Persephone- I can relate to the excitement your intense, forbidden correspondence can generate, having been there myself, though I’d never felt being hypnotized nor hypnotizing even in the most exciting chat and video moments. One of the best experiences in this regard was few years ago, with a married person who responded to my CL post out of the blue. Them being married, I was already out of mine, and cheating on their spouse during daytime WITH ME, discussing life and all things sex, experiences and fantasies alike, was a major added testicles tickle value.

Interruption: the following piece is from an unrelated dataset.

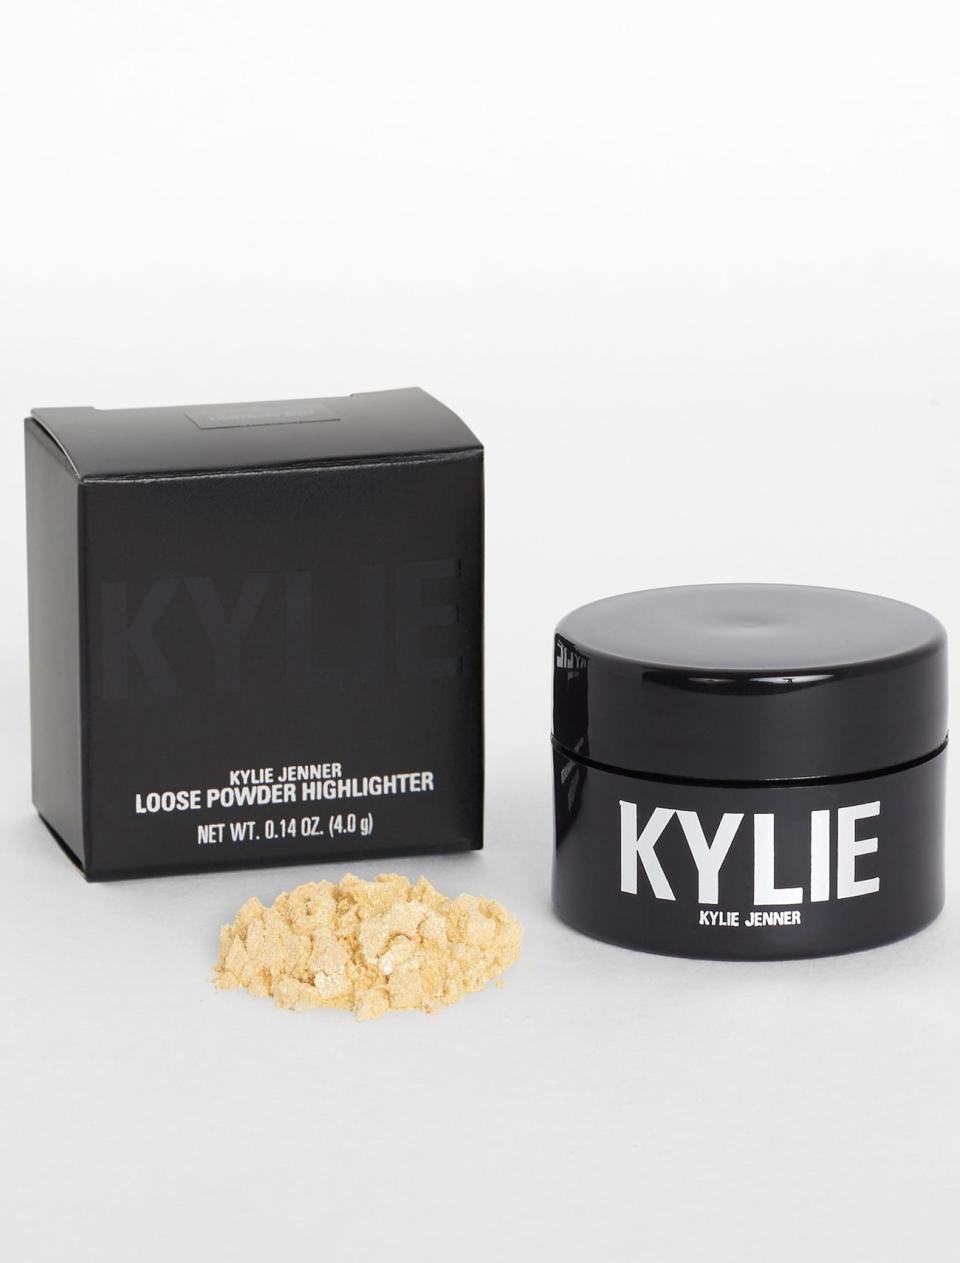 Shop Now: Kylie Cosmetics Ultra Glow in Lighting Bolt, $14, available at Kylie Cosmetics.

What really baffles me is how you manage to conceal such elaborate, intense, time consuming activities from your husband while both of you are locked 24/7.
If there’s anything SL readers in your situation can learn from you is how to cheat on their spouses/SO’s during lockdown !/> =)

42

Unfortunately I gotta agree with Dan. I'm kinky and I play D&D. The thing in common with these things is they are super interesting to me because I am the one playing. But no one else really gives a shit about my elaborate hate-fuck sessions or my new eladrin bladesinger wizard. This letter is someone bragging about their D&D character backstory.

43

Not sure what a D&D is, drjones. The LW jumped on the thread and this is no elaborate back story. It’s true.

44

Good points fubar, @40.
On some level P, I think your husband must pick up the vibe, and at the moment it’s not a concern. You have become his mother, so all his needs are being met by you in that role. Sexually, as you said, he doesn’t want it.
My concern is for you. You didn’t sign up for this, and why hasn’t this man been to see someone? Variables going on here, ones you haven’t disclosed.

45

Hugs to you Persephone. Do what you got to do to stay sane.

46

Lava @43, Dungeons and Dragons. It's a role-playing game. "Dungeon" has no BDSM connotation here.

47

I took "D&D" to be Dungeons & Dragons. Seems to fit. I know there's something happening but I don't know what it is.

48

@42 "no one else really gives a shit about my elaborate hate-fuck sessions"

Hey now let's not be too hasty

49

phascogale @48 - lol, so true! Here's a hand raised to hear more about drjones's elaborate hate-fuck sessions.

Persephone @28 & 31
Cheating is a fluid word that means different things to different people. But clearly you're lying to your husband and hiding a big part of yourself. In the long run, do you want him to know who you are, or would you prefer he never find out?

50

@42 and i, for one, would like to hear a little more about your eladrin bladesinger wizard.i mean shit, what are your go to spells?